Il n'eut pas le temps de se retourner que soudain la souris rousse bondit devant lui et cria :
Voilà ma maison ! Et voici mes amies !
À côté de la souris, d'autres souris rousses piétinaient.
Maintenant nous allons te régaler d'un délice exquis.
La souris tendit à Pierre un petit bout de foin.
Pierre pensa que puisque les souris savaient parler, le foin devait être magique et comestible pour les humains. Le garçon goûta le bout et fut ravi.
Il s'avéra que cette meule de foin, le garçon l'avait préparée avec son grand-père l'été dernier pour leurs chevaux qui vivent dans l'écurie près de la maison. Grand-père élève depuis longtemps des étalons et des chevaux blancs comme neige, et ils conservent le foin fauché pour leurs animaux ici même, dans la forêt.
Pendant que Pierre réfléchissait et se réjouissait, le sanglier sauvage s'approcha discrètement par derrière.
Ah, tu es déjà là ! Très bien ! Je vais te régaler de quelque chose de délicieux.
Le sanglier aux défenses tendit au garçon le même bout de foin.
Pierre n'en crut pas ses yeux. En se retournant, il vit que les souris avaient disparu sans laisser de trace.

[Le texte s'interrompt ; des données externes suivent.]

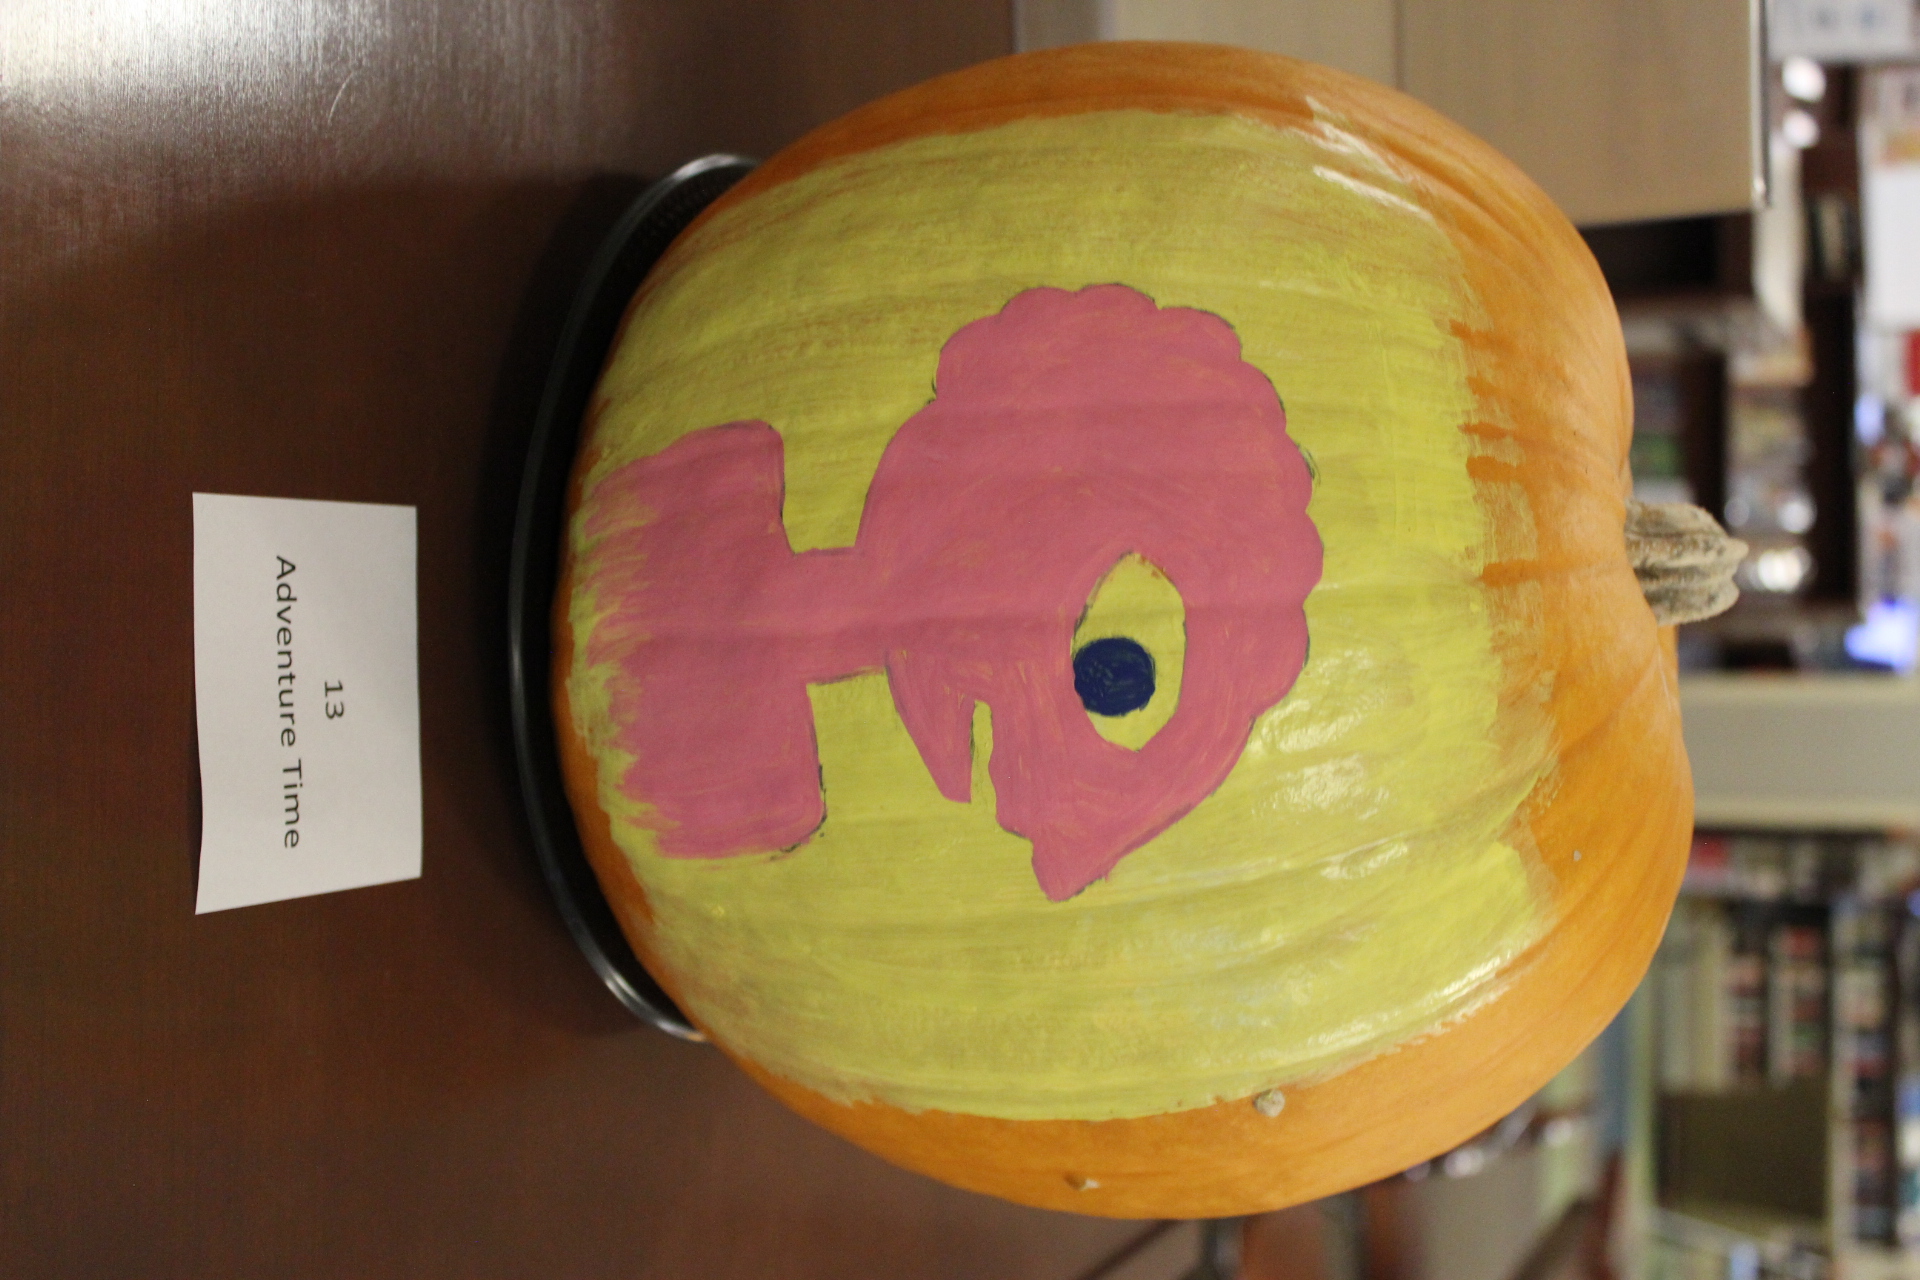 Pumpkin decorated as "Adventure Time"

Vous vivez ici avec les souris ?
Demanda le garçon au sanglier.
Quelles souris, je vis ici tout seul.
Répondit le sanglier.
Cette meule doit être énorme si tant de petites bêtes s'y sont installées.
Pensa Pierre.
À ce moment-là, un grincement sonore retentit non loin, et de derrière la meule apparut le grand-père de Pierre, qui était venu en traîneau chercher du foin dans la forêt.
Pierre n'eut pas le temps de se retourner que tous les animaux avaient disparu, chacun s'était enfui de son côté.
Pierre raconta à son grand-père ce qui lui était arrivé. Grand-père ne fut pas du tout surpris, il vit plus longtemps et avait vu beaucoup de merveilles au cours de sa vie.
Eh bien, mon petit Pierre. Laissons une petite meule pour ces animaux de la forêt. Bien sûr, nous avons préparé tout cela pour nos chevaux, mais les animaux de la forêt ont aussi besoin d'un endroit pour passer l'hiver et vivre. Nous ferons une bonne action !
C'est ainsi qu'ils décidèrent. Et quand Pierre et son grand-père partirent, le sanglier et les souris rentrèrent chez eux. Et ils eurent une maison pour l'hiver, et de la nourriture aussi.